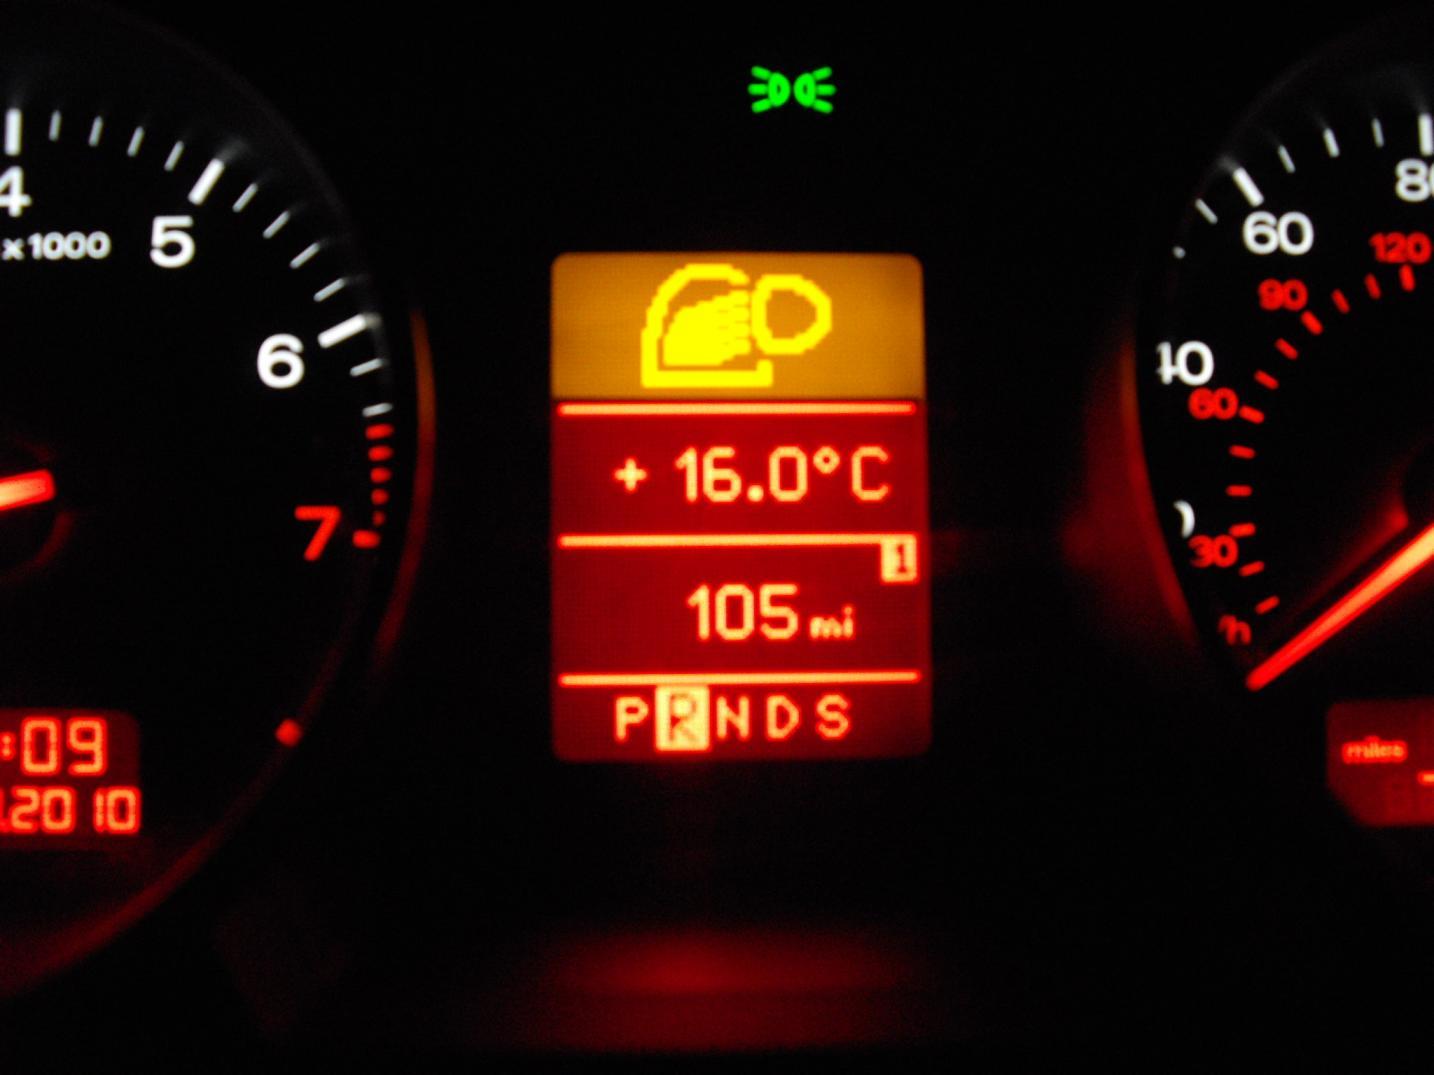 Audi A4 Dashboard Symbols
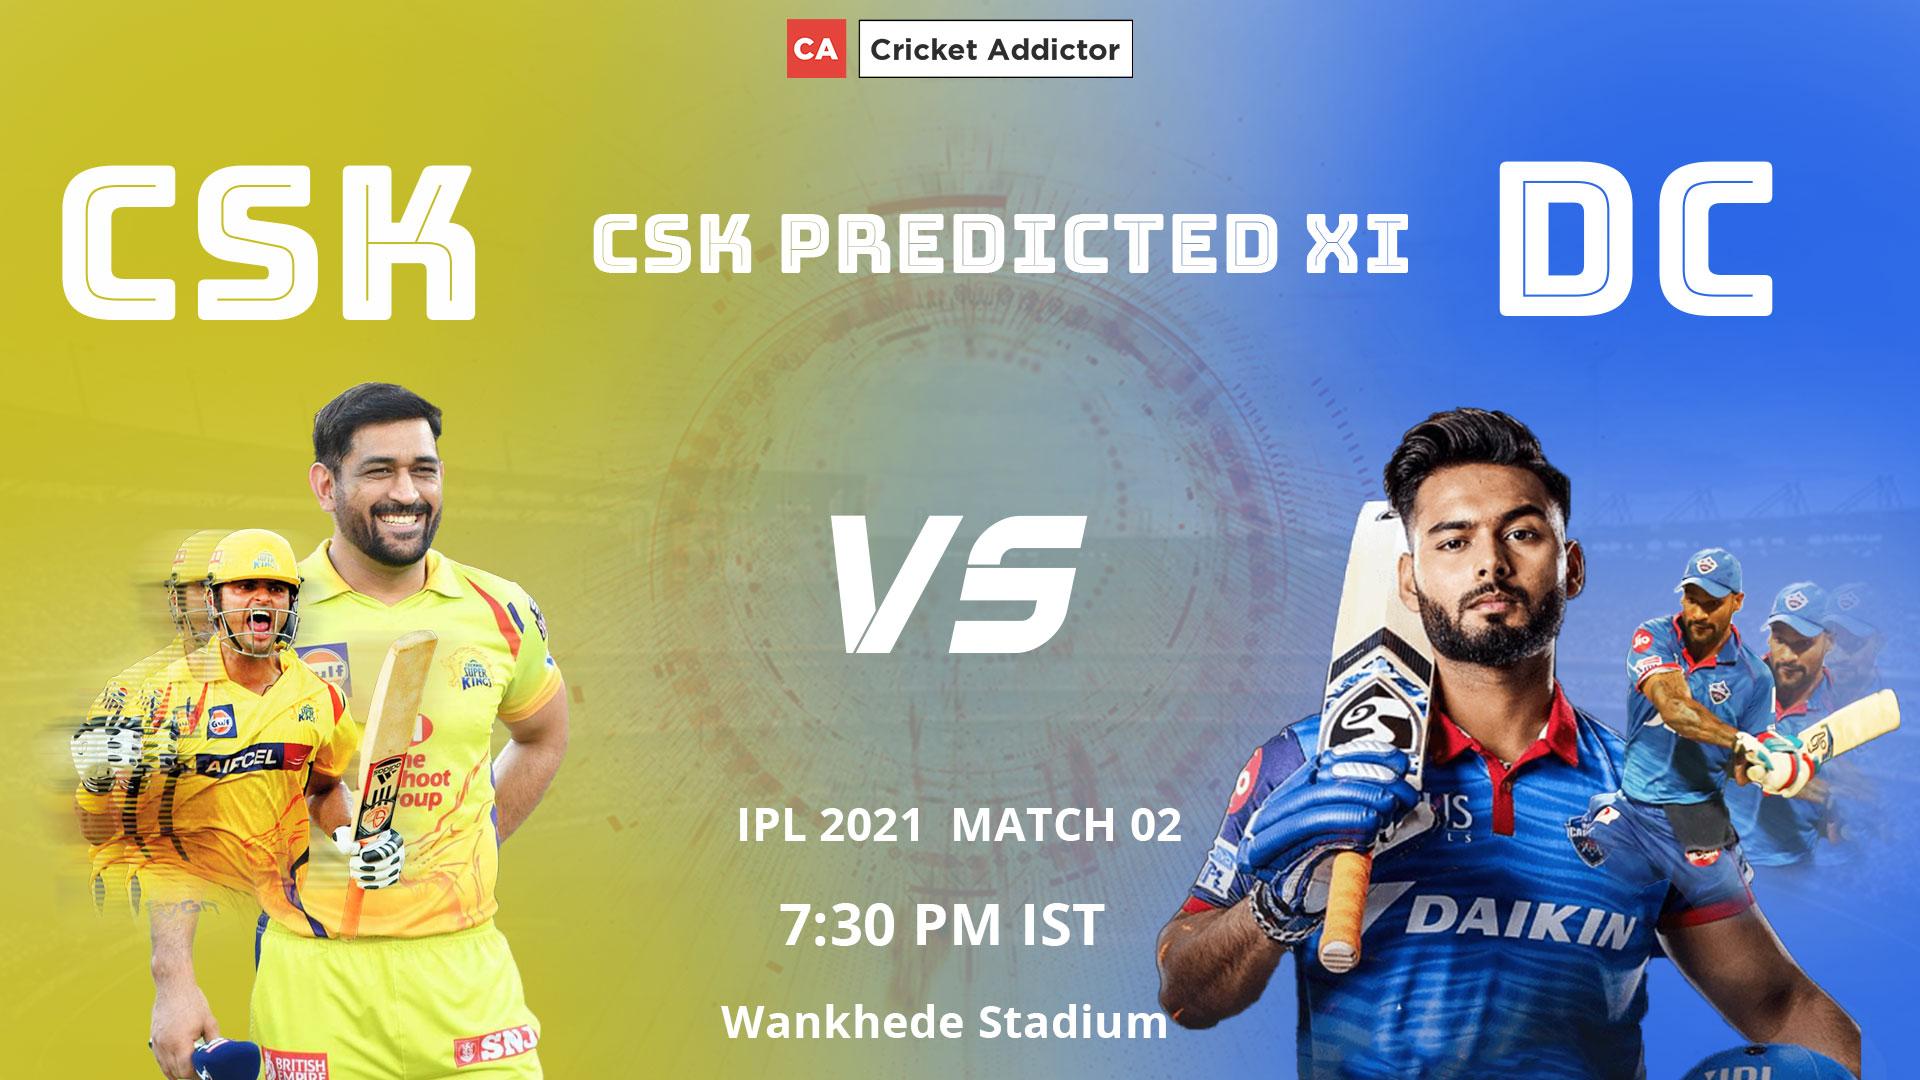 Chennai Super Kings, CSK, predicted XI
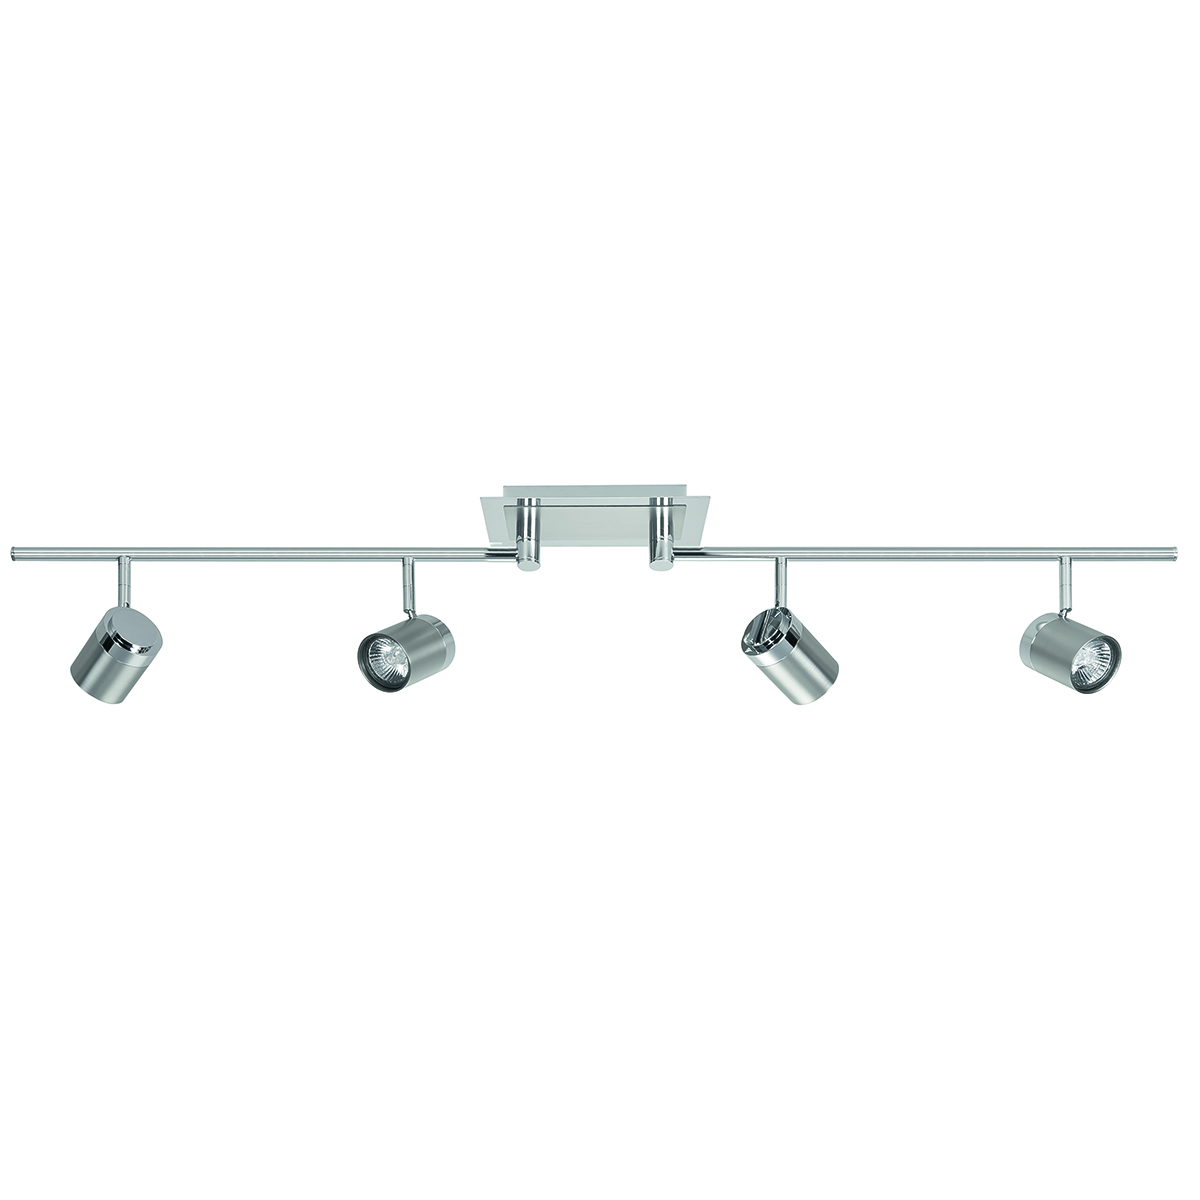 Athena spot 4-lichts - plafondlamp met vier spots - GU10 mobiel  Nikkel-Mat + Chroom zonder lampen - Serie Athena - Spots - High Light - S738930
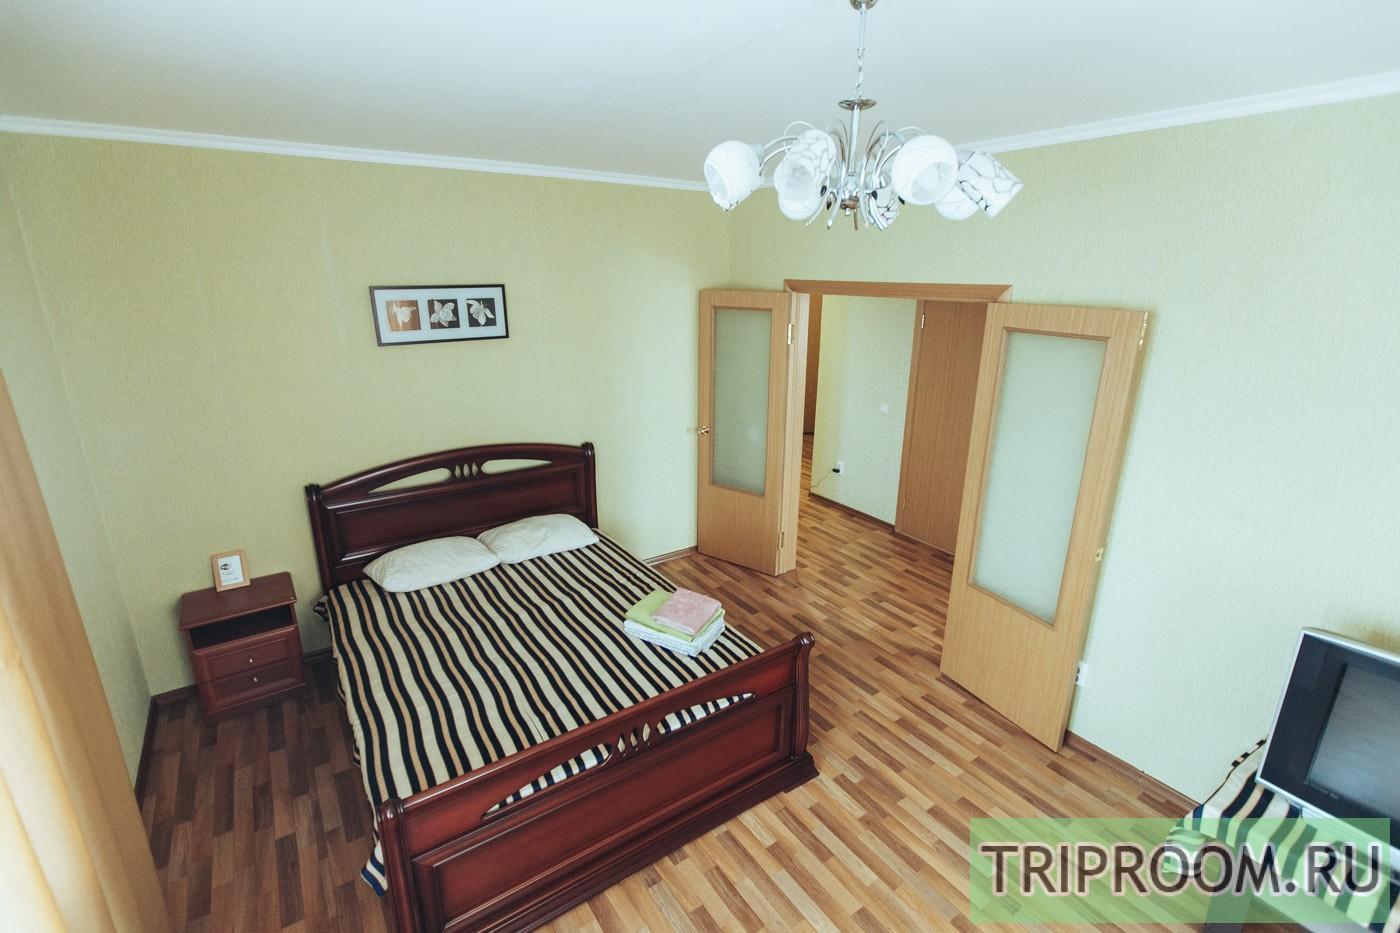 1-комнатная квартира посуточно (вариант № 30979), ул. Петра Смородина улица, фото № 1

* Task statement
Each line of the data should be quoted exactly, with pictures left out.

* Response box
 Audi A4 Dashboard Symbols
 Chennai Super Kings, CSK, predicted XI
 Athena spot 4-lichts - plafondlamp met vier spots - GU10 mobiel  Nikkel-Mat + Chroom zonder lampen - Serie Athena - Spots - High Light - S738930
 1-комнатная квартира посуточно (вариант № 30979), ул. Петра Смородина улица, фото № 1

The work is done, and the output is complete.